Highlights of the analysis and findings include:
- In the year 2008/2009, 53,545 Canadians aged 65+ were hospitalized for a fall.This translated to an age-standardized rate of 15.5 per 1,000 seniors.
- While both males and females have increasing rates of hospitalization by age, females were hospitalized for a fall at a higher rate than for males in comparable age groups.
- Fall-related injuries are the leading cause of injury hospitalization for seniors in all Canadian provinces and territories and comprise between 73% (Territories) and 88% (Nova Scotia) of all injury-related hospitalizations.
- When compared to all reasons for hospitalization among Canadian seniors, fall-related hospitalizations account for 7.3%, with Newfoundland having the lowest percentage (5.3%) and British Columbia having the highest (8.2%).
- Over half (51%) of falls resulting in hospitalization (N=27,306) occurred in or around the home; falls in residential institutions accounted for 18% (N=9,462) of hospitalizations due to falls among those aged 65 and older.
- In Canada, 38% of all seniors who were hospitalized because of a fall had sustained a hip fracture and 39% sustained other types of fractures.
- The average acute length of stay for a fall-related injury was 70% longer (15.1 days) for Canada as a whole compared to the average length of stay for all other causes of hospitalization excluding falls (8.9 days) in 2008/2009.
- This scan of Canadian fall prevention programs captured 282 programs across the country.
1 World Health Organization, 2008; Scott, Peck & Kendall, 2004; Tinetti & Speechley, 1989; O'Laughlin et al., 1993.
2 SmartRisk, 2010.
For further information, please contact Sarah Elliott at sarah.elliott@gov.bc.ca
Prepared for: Division of Aging and Seniors, Public Health Agency of Canada
Citation:
Scott, V., Wagar, L., & Elliott, S.(2010).Falls & related injuries among older Canadians: Fall-related hospitalizations & intervention initiatives.Prepared on behalf of the Public Health Agency of Canada, Division of Aging and Seniors.
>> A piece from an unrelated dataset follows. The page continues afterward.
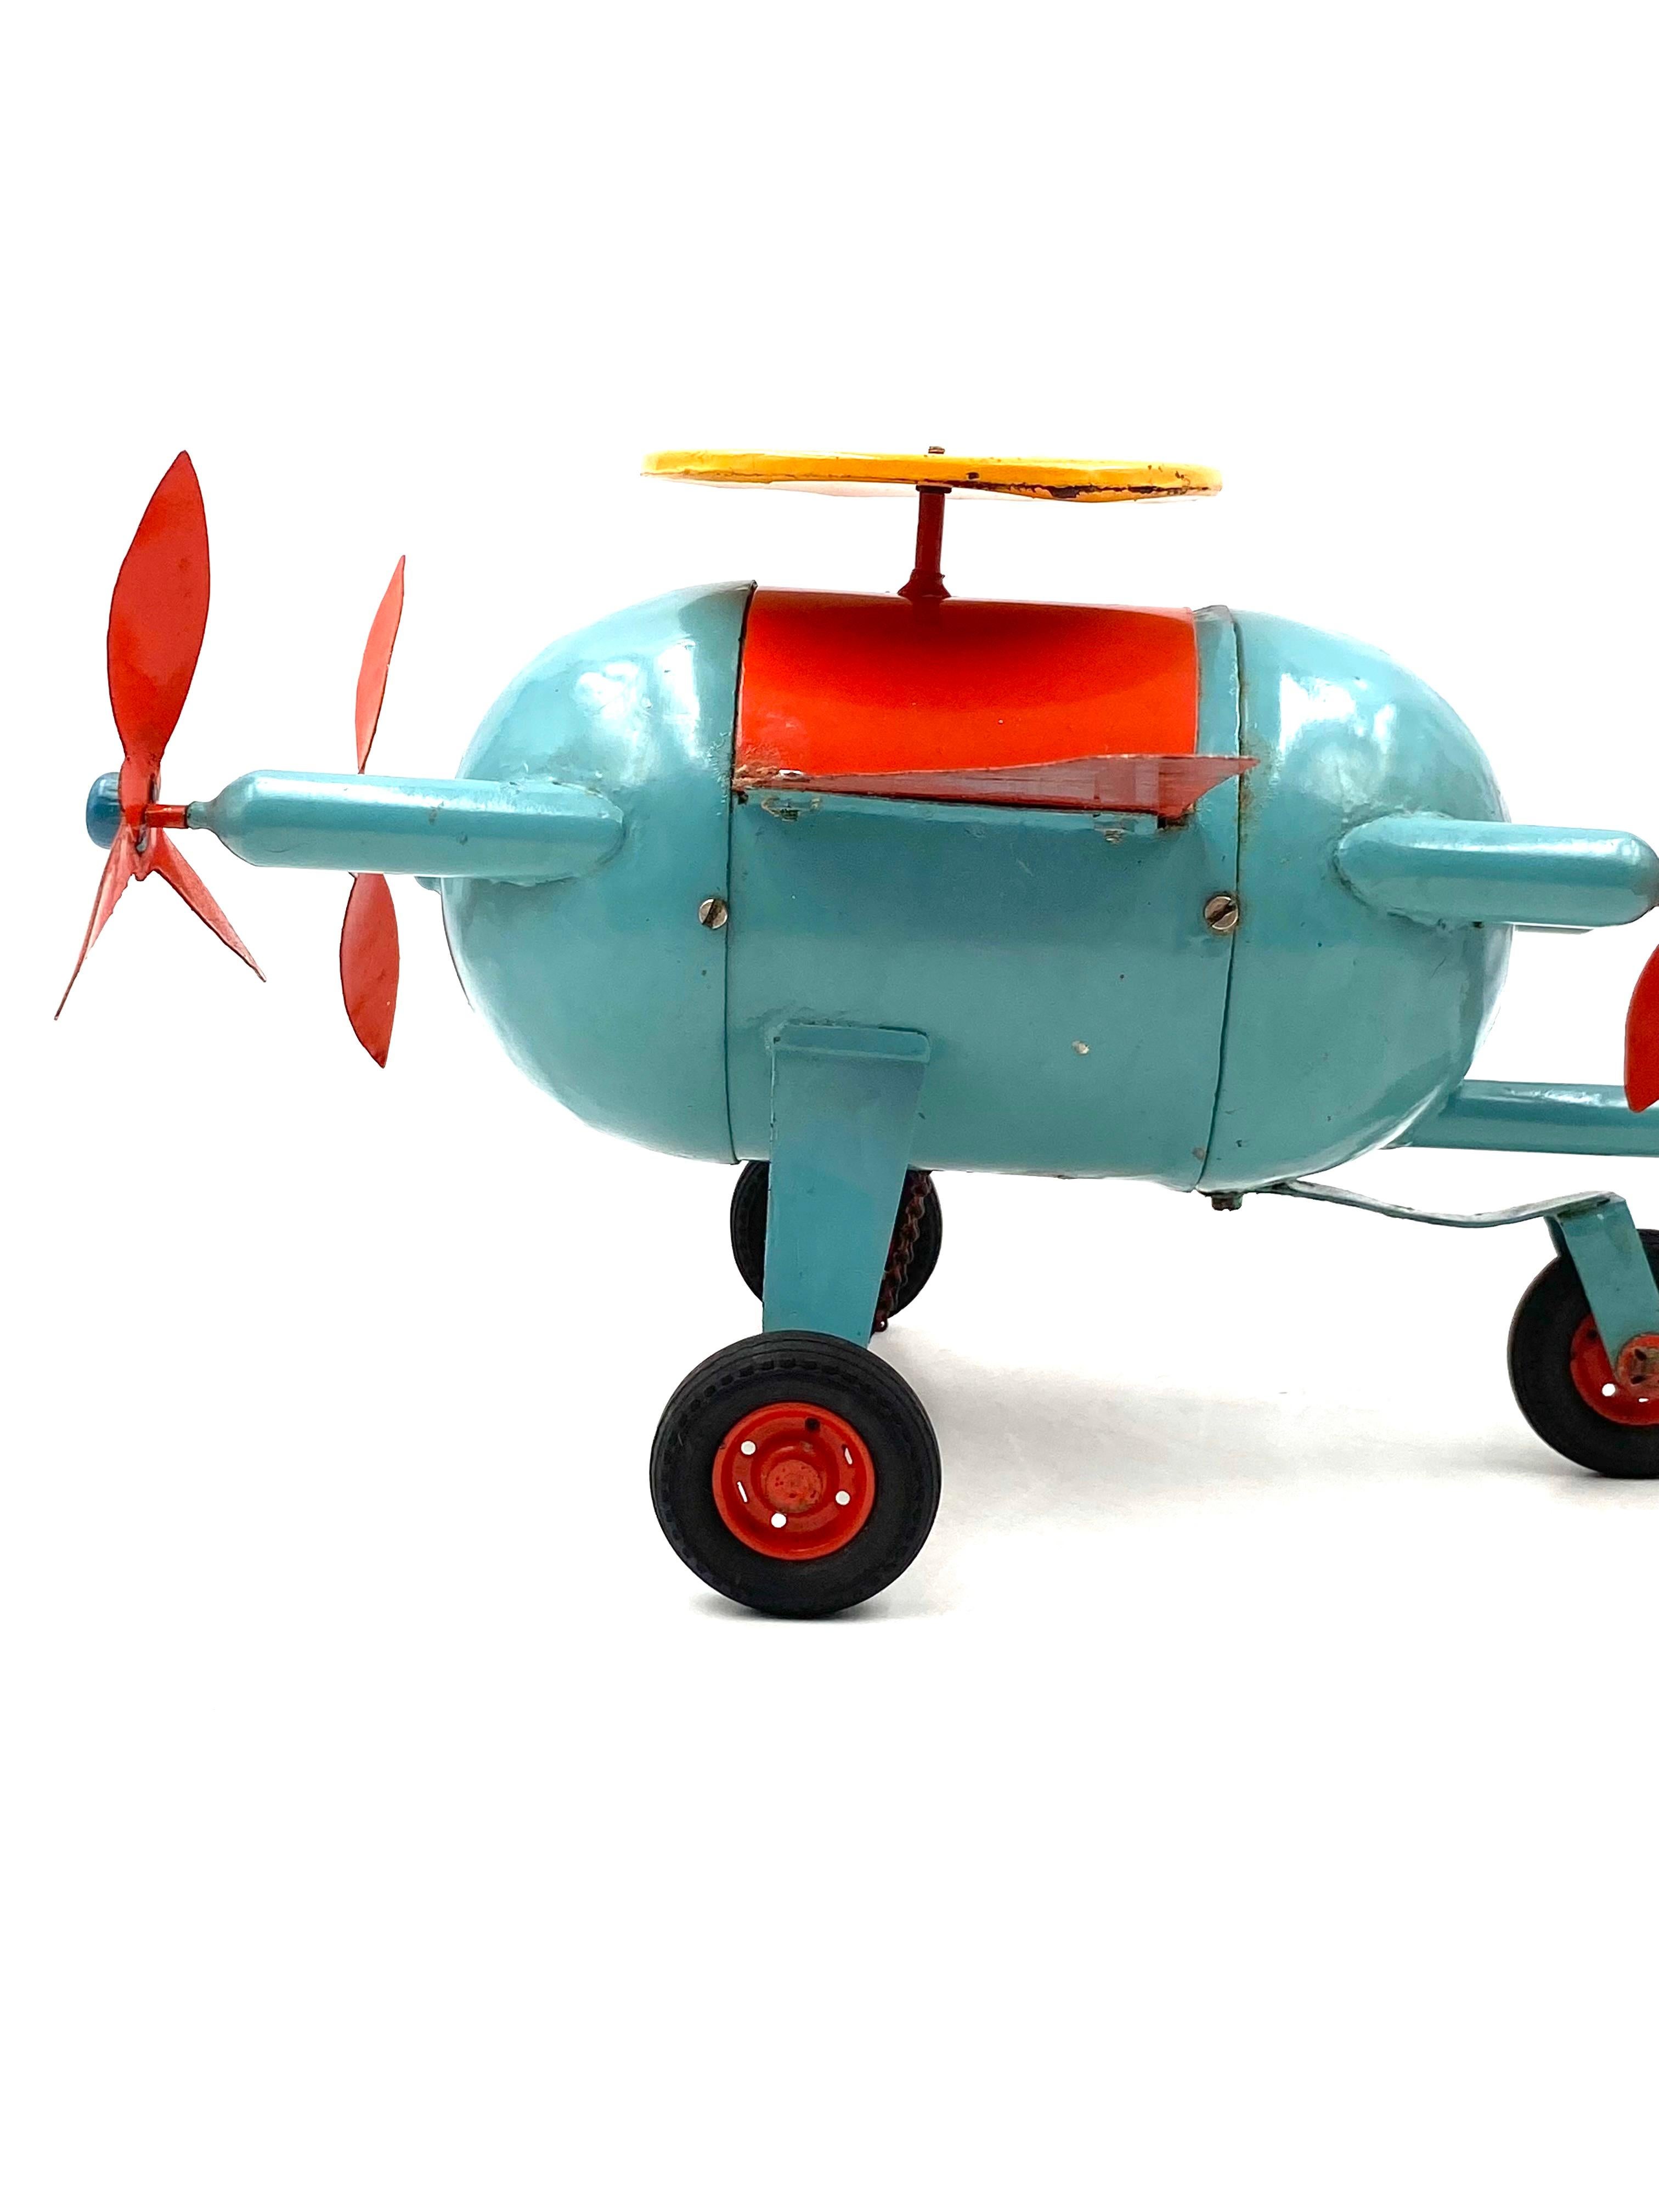 Red and blue airplane toy, France early 20th century For Sale 12

Victoria, BC: Victoria Scott Consulting.
8. Drugs and the Risk of Falling in the Elderly
Drugs and the Risk of Falling in the Elderly - a new guideline to prevent drug-related falls produced by Barbara Cadario (Clinical Assistant Professor Pharmaceutical Sciences, UBC), Dr. Vicky Scott (Clinical Associate Professor, School of Population and Public Health, UBC) and the BC Fall and Injury Prevention Coalition.
Cadario B, Scott V. New resource: Falls among elderly. BCMJ 2010;52(5):268.
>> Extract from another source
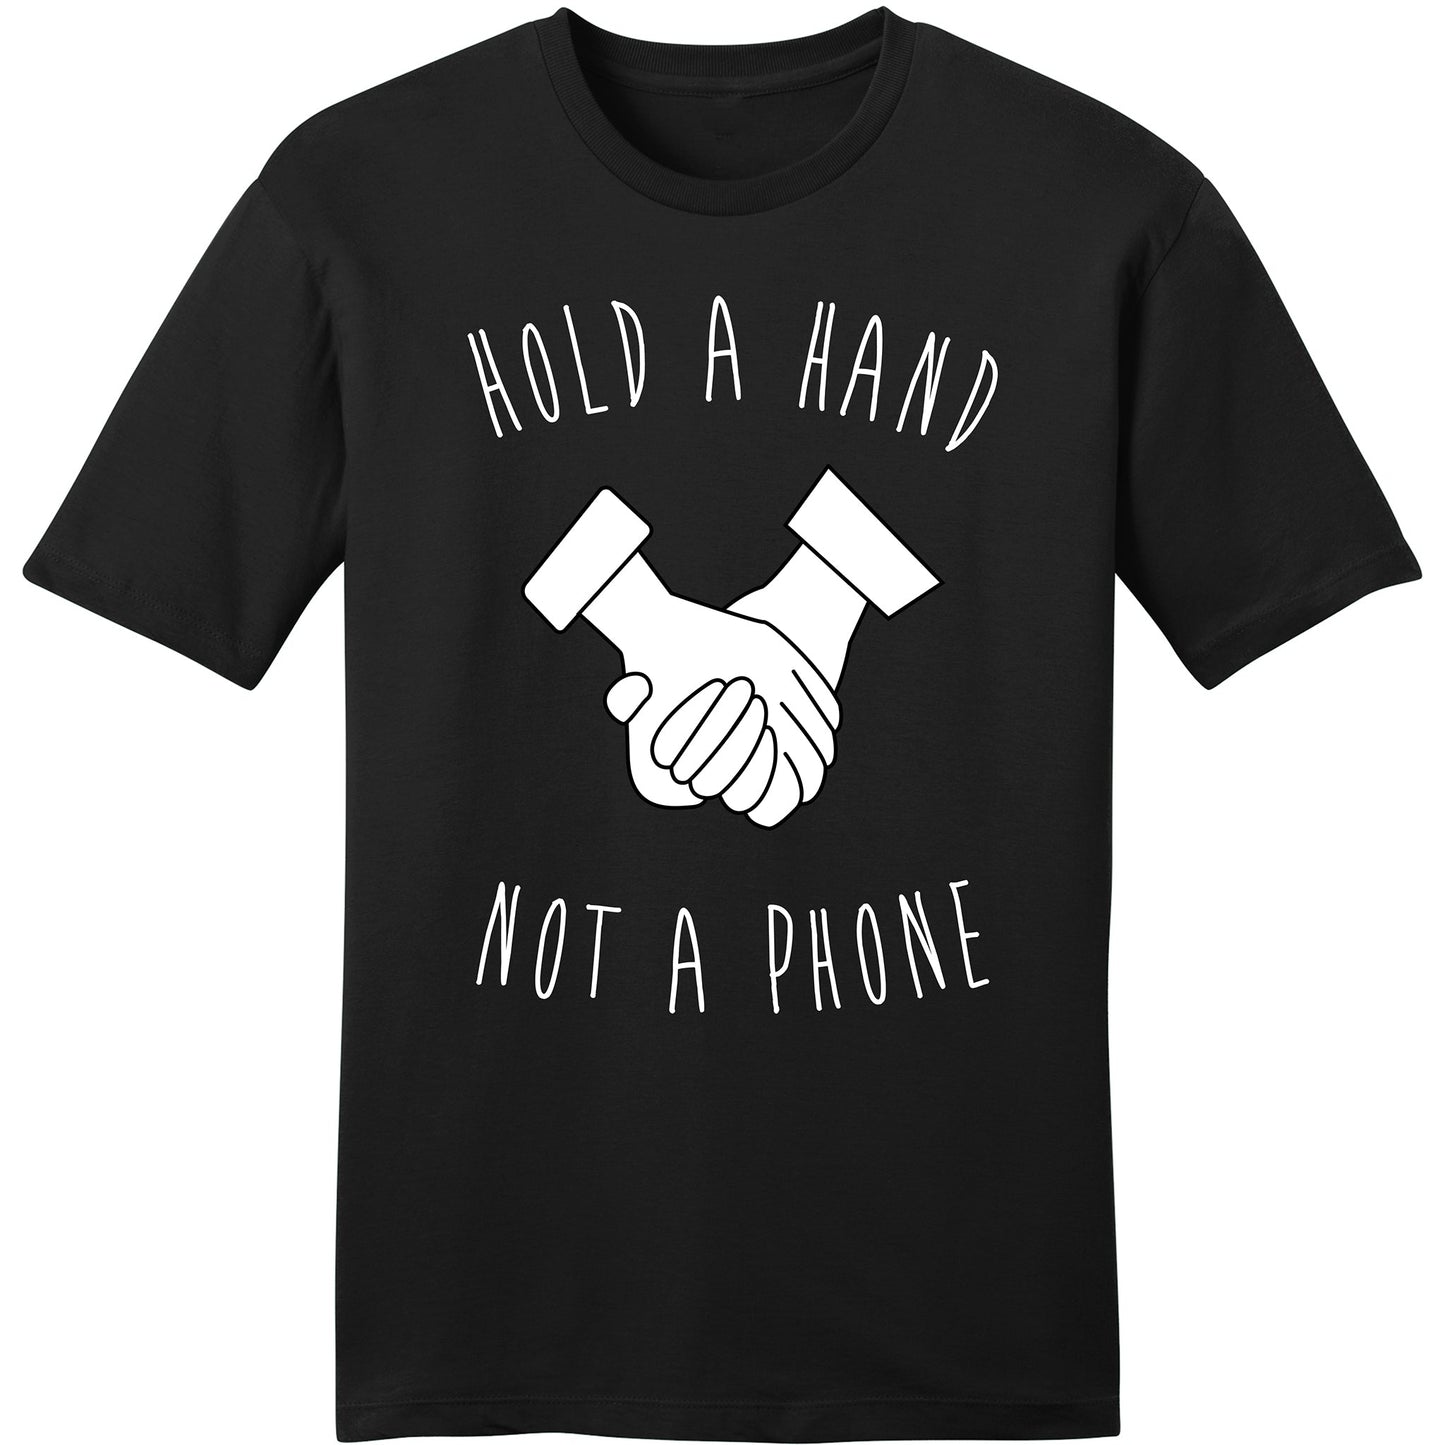 Hold a Hand, Not a phone - Thumb United

Available from:http://www.bcmj.org/new-resource-falls-among-elderly
9. Announcements
In conjunction with this year's Seniors' Fall Prevention Week in BC (November 2-8, 2010) and the CEMFIA Residential Care Summit, the Canadian Institute for Health Information (CIHI) has produced a NEW brochure: Fall-Related Hospitalizations in Seniors: Canada and B.C., 2007-2008.